The moral of the story is that bettas are as individual as we are. Some harass snails, some ignore them. I have a feeling, if the snail is the only other living animal in the tank, it will be in more danger that if there are other fish/inverts to keep our bettas busy. They are smart fish! They'll always inspect a snail, then decide on it's entertainment value. My 1 large snail in with my male is smart enough to tuck all appendages IN if he sees my betta hovering near by. I guess you need a smart snail, too! (I look at the snail each day w/ a magnifying glass just to be sure s/he is not getting hurt.)


----------



## ChoclateBetta

Bettas are more diverse than people.


----------



## Xaltd1

And I never met a betta I didn't like! I don't think a betta will break up with you, have an affair, drink too much, and leave you for another person!!! You also don't have to spend $$ on a lawyer to get alimony payments....


----------



## LadyVictorian

I was one of those people who didn't like snails, now I am on the snail band wagon with my golden mystery snail Tesla. He will be living with Nix in the big 10 gallon and she is fairly small so I am not expecting too many problems. I tested her aggression with my frog knowing he will snap back and in a 2.5 gallon for 2 hours she ignored him. I also got two shrimp...we shall see about them.


----------



## Skyewillow

I've had horror stories of bettas and shrimp. I had a sorority kill 3 BIG pregnant ghost shrimp JUST to get the eggs.

Onto the original topic of snails and bettas. It's been stated into overkill that bettas are individuals, some bettas won't tolerate ANY sort of tank mate, others, you could probably get away with throwing anything into their tank, and they won't care one bit. On the other hand, snails are individuals too, and it's the ones that learn to protect themselves that tend to live longer. Some snails just don't develop those particular survival instincts. I have a trapdoor snail of some sort that I collected from a lake last summer, and this is honestly my most successful snail out of all of them!

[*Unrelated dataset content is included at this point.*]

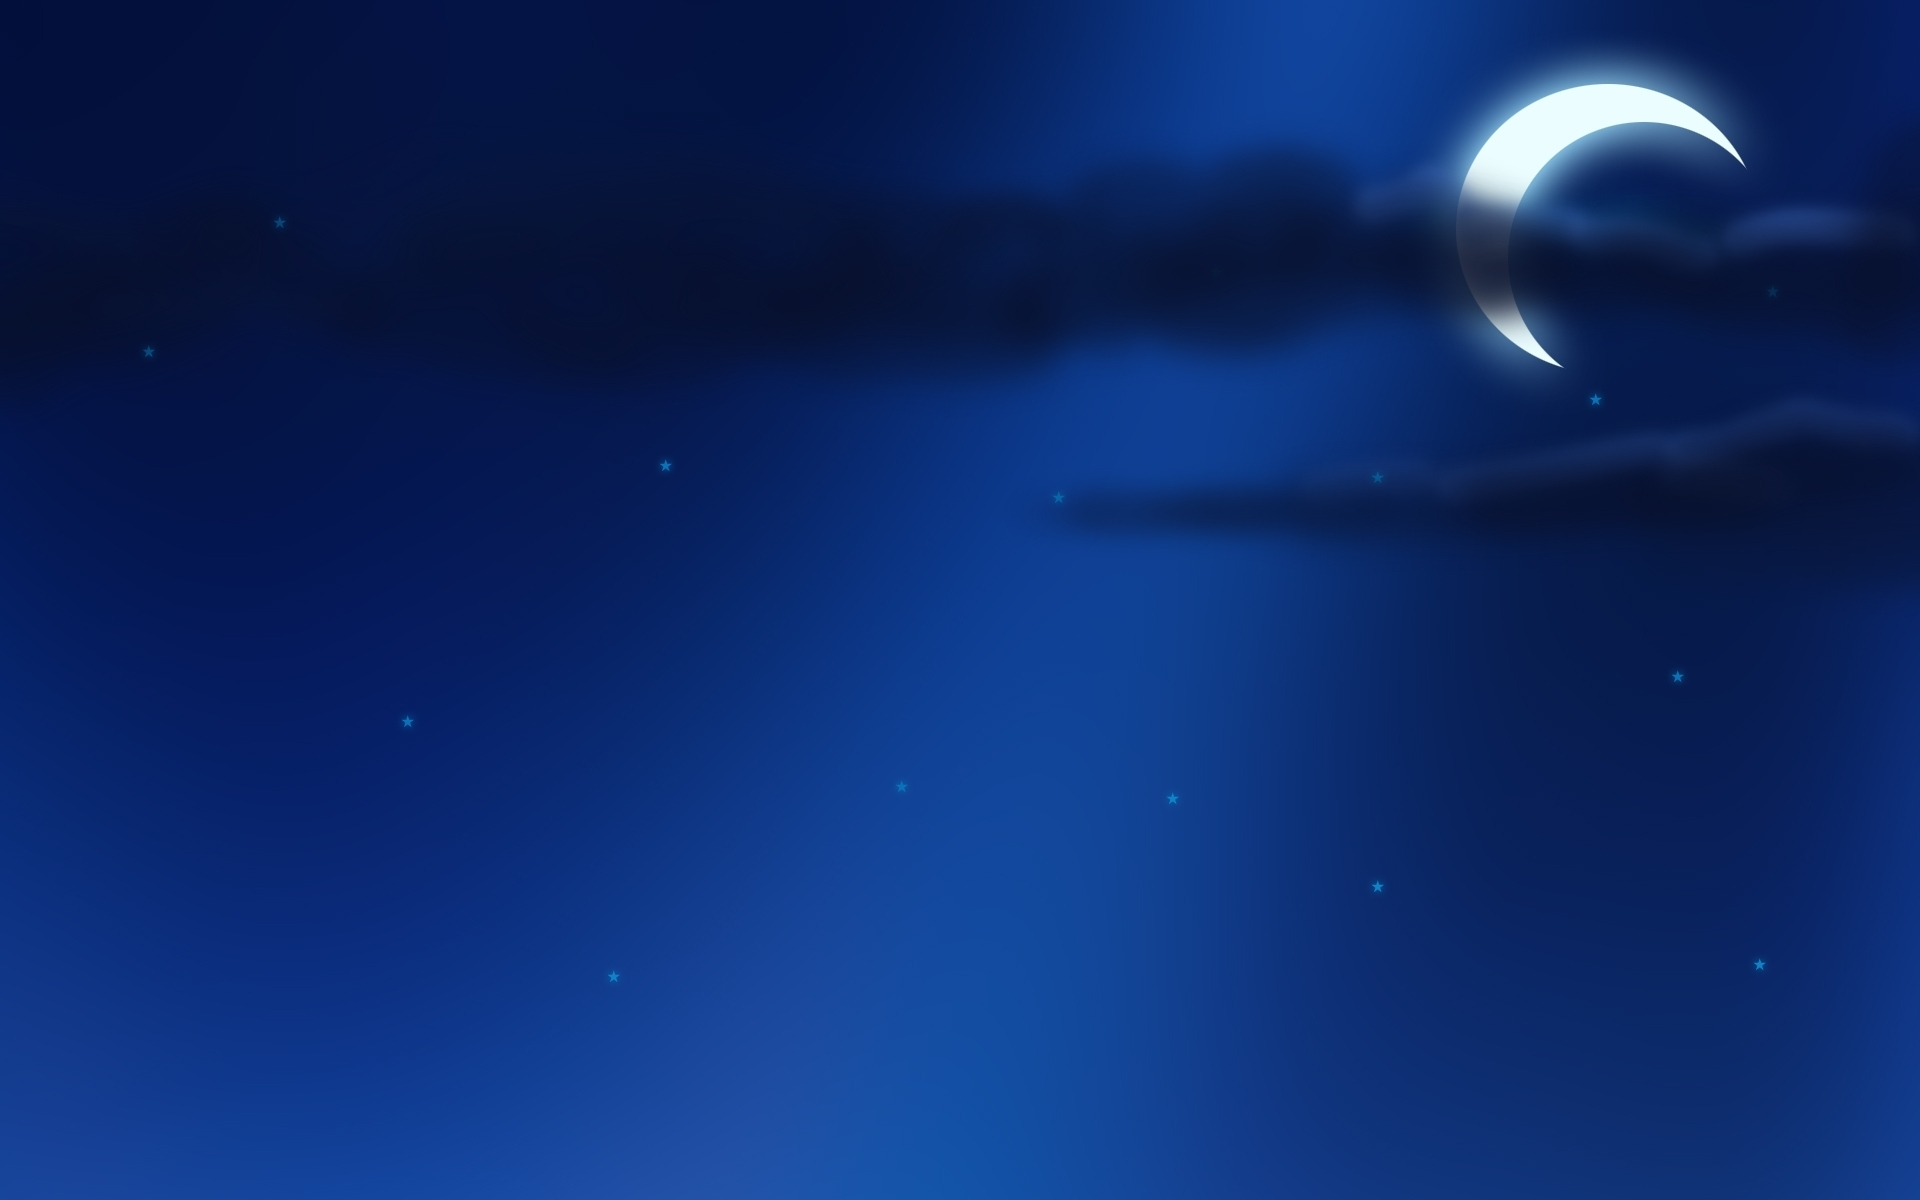 Фон ночь картинка

About comparing what snails go through in the wild, compared to tanks. I feel it's appropriate to make that comparison, because the inhabitants of our underwater worlds don't really know to act any differently than they would in the wild. Bettas eat small invertebrates, shrimp, snails, bugs. And people culture these things specifically for their bettas to consume. Since they're trying to replicate nature as much as possible for their pets, is this wrong too? Knowing as much as we can about the wild relatives of the animals we share our homes with, helps us to better care for them.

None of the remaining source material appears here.